Each battery has a recommended charge current of 60amps with 200amps max. So putting 3 x 80a chargers would be about right to get them charged in 3.2hrs of full sun.
12.8v x 900ah = 11520Whr
11520Whr / 1200w = 9.6hrs
You need at least twice that amount of panels mounted to charge your batteries in a reasonable amount of time... probably 3 times as many. That also means multiple SCC so you can put the power at the panels to use.
14.4v x 80a = 1152W
So you would need another SCC for each set of 1200w panels.
Each battery has a recommended charge current of 60amps with 200amps max. So putting 3 x 80a chargers would be about right to get them charged in 3.2hrs of full sun.
Yeah was told that early on by Litime after I brought the batteries.
I don't mind that it will take a few days to fully charge the batteries when charging them from the solar panels.
I plan disconnecting the PV Side, when I am using the batteries to power other devices and allow the batteries to drain to 0% as Will suggests in one of his videos. I would then hook the Battery/Component Side back up to the PV Side and recharge the batteries and in the meantime use the grid power like normal
But I have seen a video where the guy hooks up his solar panels to his house's Central A/C outside unit with a micro inverter to supplement the grid power being used. Not going to do it until the guy has it official set up, which he said he plans to do after I contacted him. It was on YouTube and I thought that was pretty cool.
To add when the inspector comes out for the installed Solar Ground Mount, the clerk said they will inspect my system to see if it can be hooked up to the house electric. So I kinda get two inspections done for the price of $90.
So does my grounding look proper.
robbob2112
Doing more research, mosty harmless
Hooking up via microinverter seems ok on the surface until you think about it. AC compressors take a large amount of current to start. So evertime a cloud passes it will stall then if you are lucky there is a delay to the restart. If there isn't a delay the compressor can be damaged over time.
I assumed you wanted to use this for power after a hurricane so rapid recharge in the dreary days after the storm passes would be needed.
So, when you are connected to the pv panels you would get your ground from the EGC.... when you are connected to the house you would get your ground from the house.
You would never connect to both at the same time or you would have a ground loop. To use the pv and be connected to the house you would have the EGC between panels and house and the ground rods at the array disconnected.
To use it elsewhere and not connected to a charging source there would be no ground connected.
The tricky part of this is the N-G bond that is needed someplace... what inverter do you have? Does it provide a N-G bond ? Does it have an outlet on the back ? Does it have direct wire connections?
I assumed you wanted to use this for power after a hurricane so rapid recharge in the dreary days after the storm passes would be needed.
So, when you are connected to the pv panels you would get your ground from the EGC.... when you are connected to the house you would get your ground from the house.
You would never connect to both at the same time or you would have a ground loop.
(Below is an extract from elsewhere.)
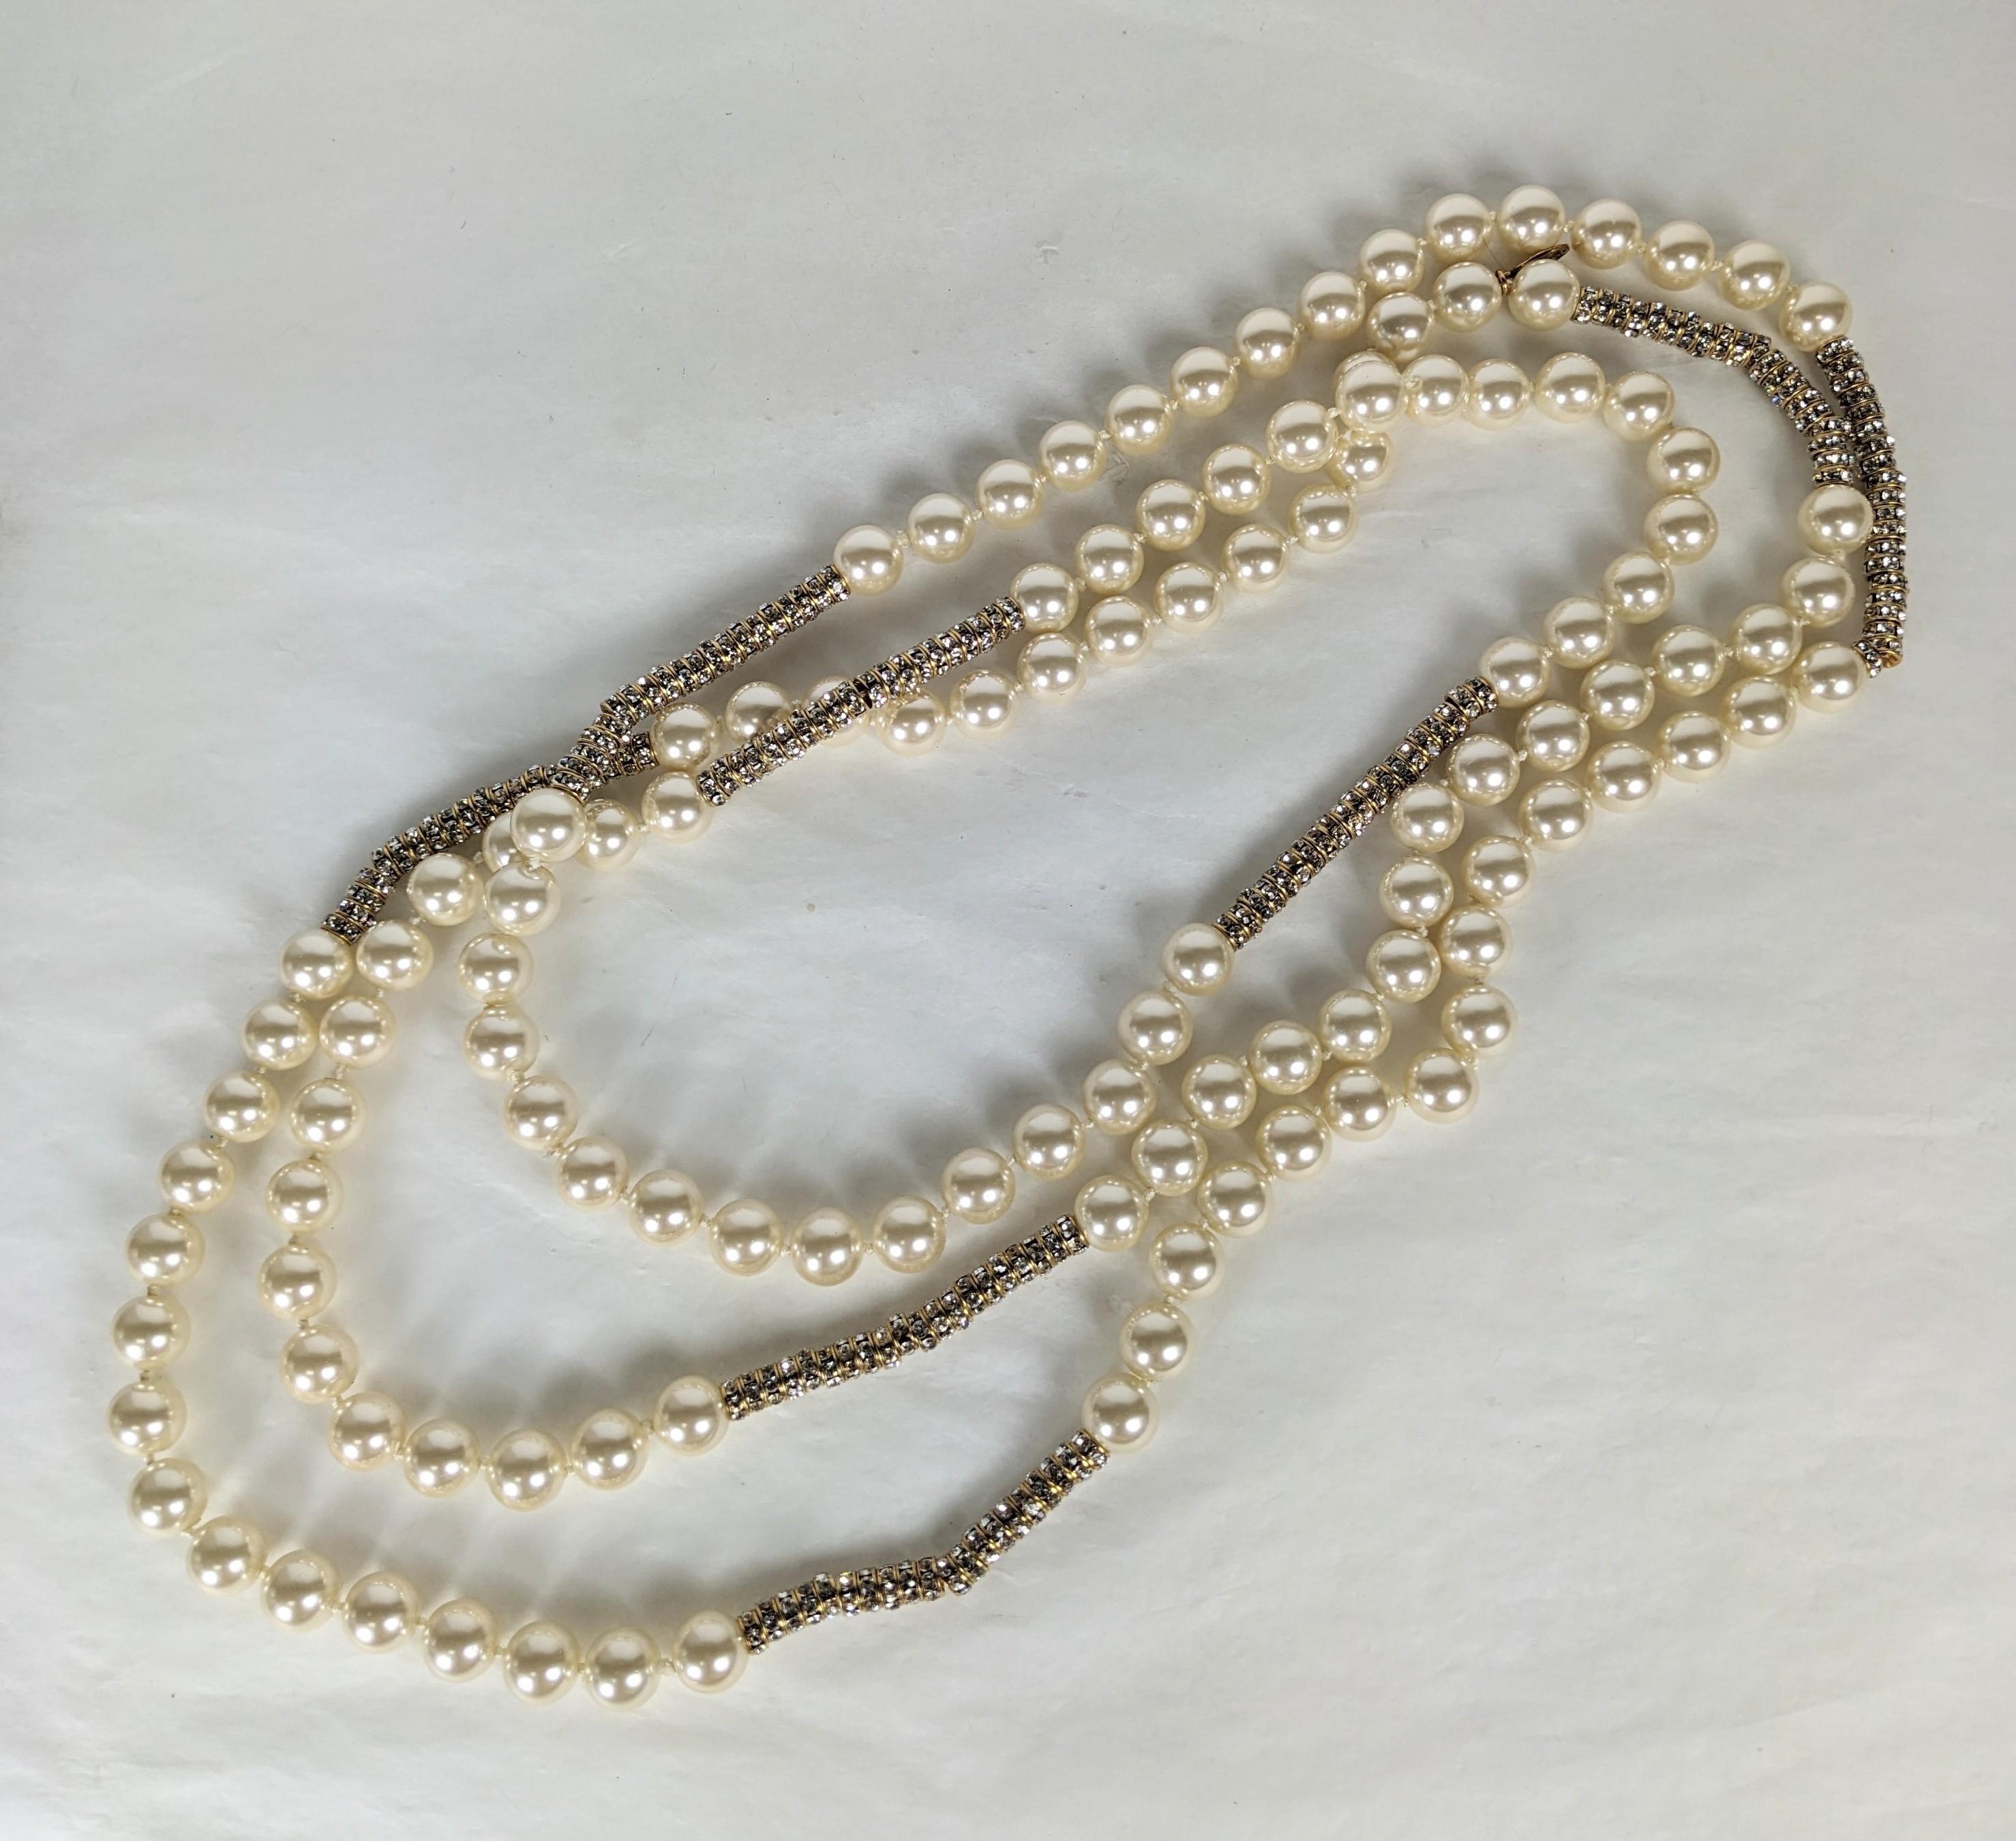 Super seltene und vielseitige Chanel Endlos Perle und Kristall Rondell Halskette. Unglaublich lang und so vielseitig zu wickeln oder einzeln zu tragen. Handgeknüpfte Kunstperlen mit vergoldeten Bullion-Kappen mit Hunderten von kristallbesetzten

To use the pv and be connected to the house you would have the EGC between panels and house and the ground rods at the array disconnected.
To use it elsewhere and not connected to a charging source there would be no ground connected.
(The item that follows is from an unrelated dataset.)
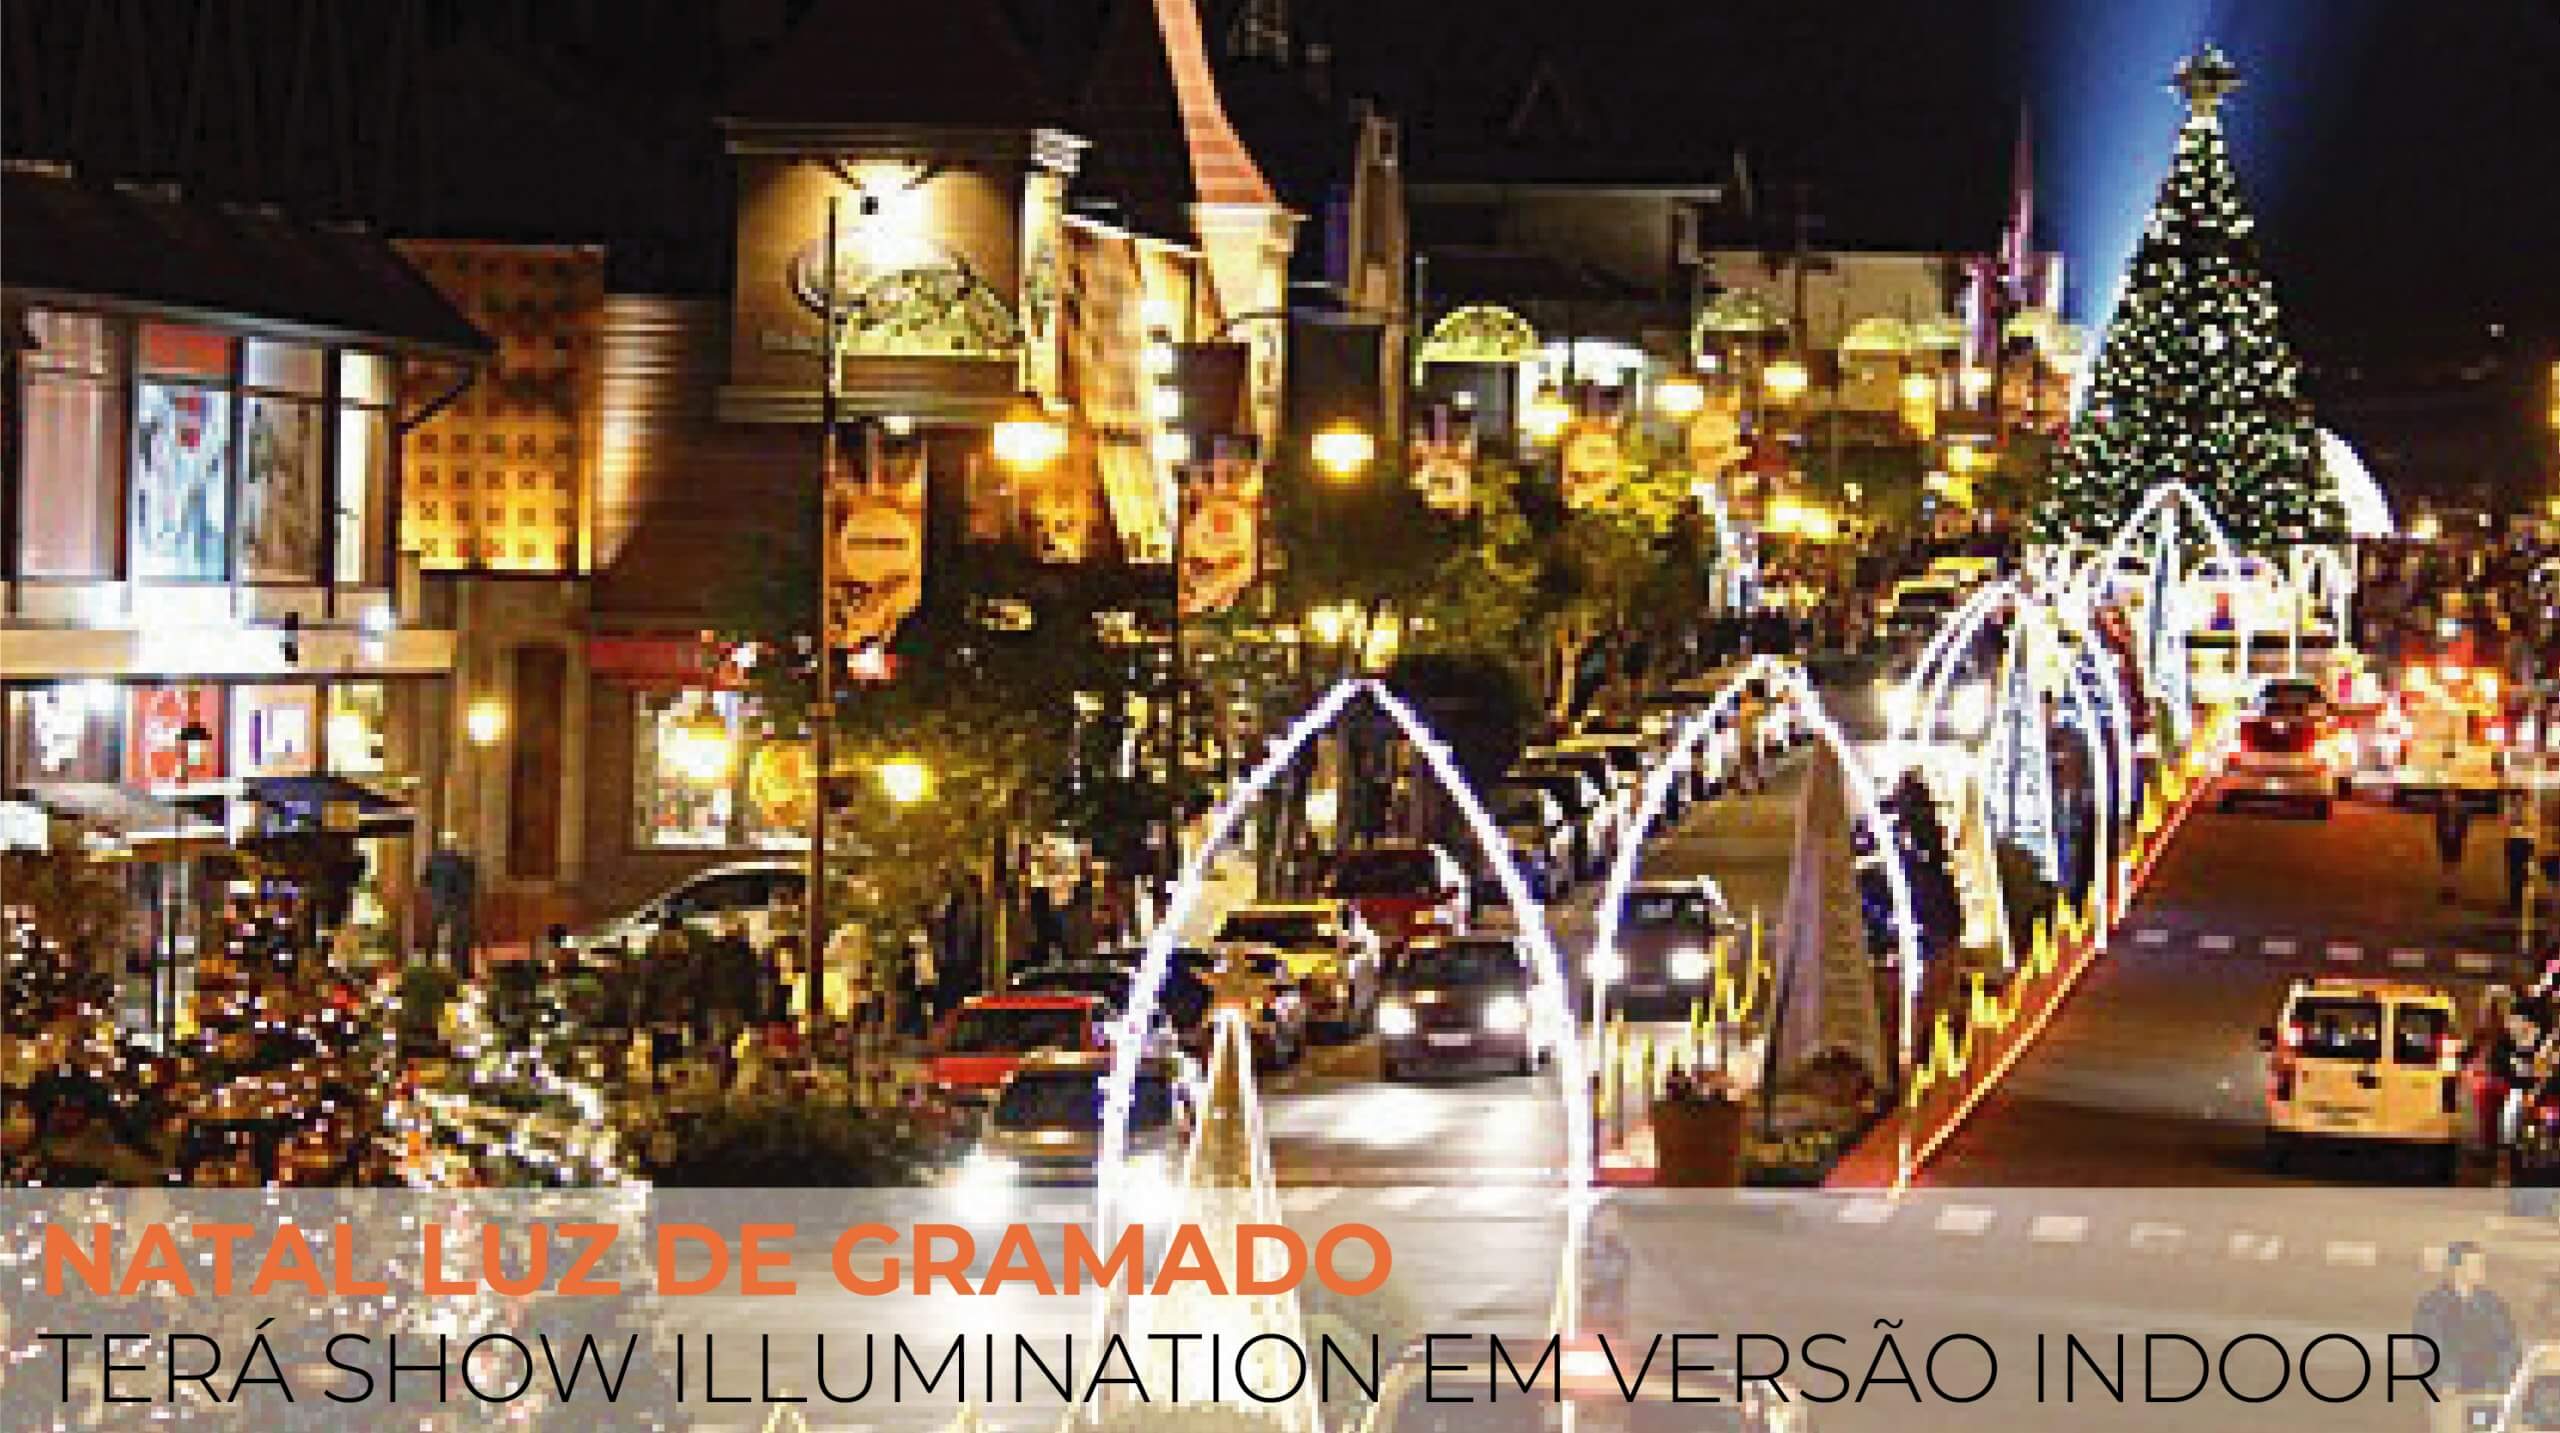 Natal Luz de Gramado terá show Illumination em versão indoor. - Nix Travel

The tricky part of this is the N-G bond that is needed someplace... what inverter do you have? Does it provide a N-G bond ? Does it have an outlet on the back ? Does it have direct wire connections?
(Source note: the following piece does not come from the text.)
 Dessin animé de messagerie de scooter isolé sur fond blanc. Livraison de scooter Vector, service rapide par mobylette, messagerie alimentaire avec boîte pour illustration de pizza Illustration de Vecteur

The inverter I am using is LITime 3000W Inverter. It has three plugs in front, two UDB, and a 30A Hard Terminal Block. (which is why I using a 20A GFCI breaker.
"1 Hack To Eliminate Your A/C Power BIll This Summer!" that is the name of the video on YouTube. Watch it and let me know what you think.
The below might be me just rambling, as I am extremely tired at the moment. If it doesn't make sense just say so. As it was hurting my head by the time I finished.
Ok Back to Topic.
In my scenarios my PV Side solar frames have a ground wire that goes along with the P+ and P- into the pre-wired Combiner Box and then I just connect the 3 wires to their designated spots. This Combiner Box has a disconnection switch, surge protection, water resistance, and protects against lighting strikes (Definitely need in Florida), which outputs the P+, P-, and Ground Wire on the other side, The P+ and P- wires are then connected to the MPPT Controller to charge the batteries, while the Ground Wire is connected to an 8' Grounding Rod more than 6 feet away from the solar array. This setup is all i have seen in other videos, where the PV Sidse is permanent.
1) I think you are saying that if i use the FPL Service Rod as my first Grounding Rod, I then need to tie that to a second Grounding Rod.
This is how i am interpreting NEC 250, where it says that unless you can prove the Ohms of the first Grounding Rod, you must then use a second Grounding Rod to pass inspection. OR
2) Do I connect the Grounding Wire from the Combiner Box to an 8' Grounding Rod, which is tied to a second Grounding Rod that is not attached to anything else. OR is the second ground bar not necessary if the Battery/Component Side isn't grounded to the First Grounding Rod.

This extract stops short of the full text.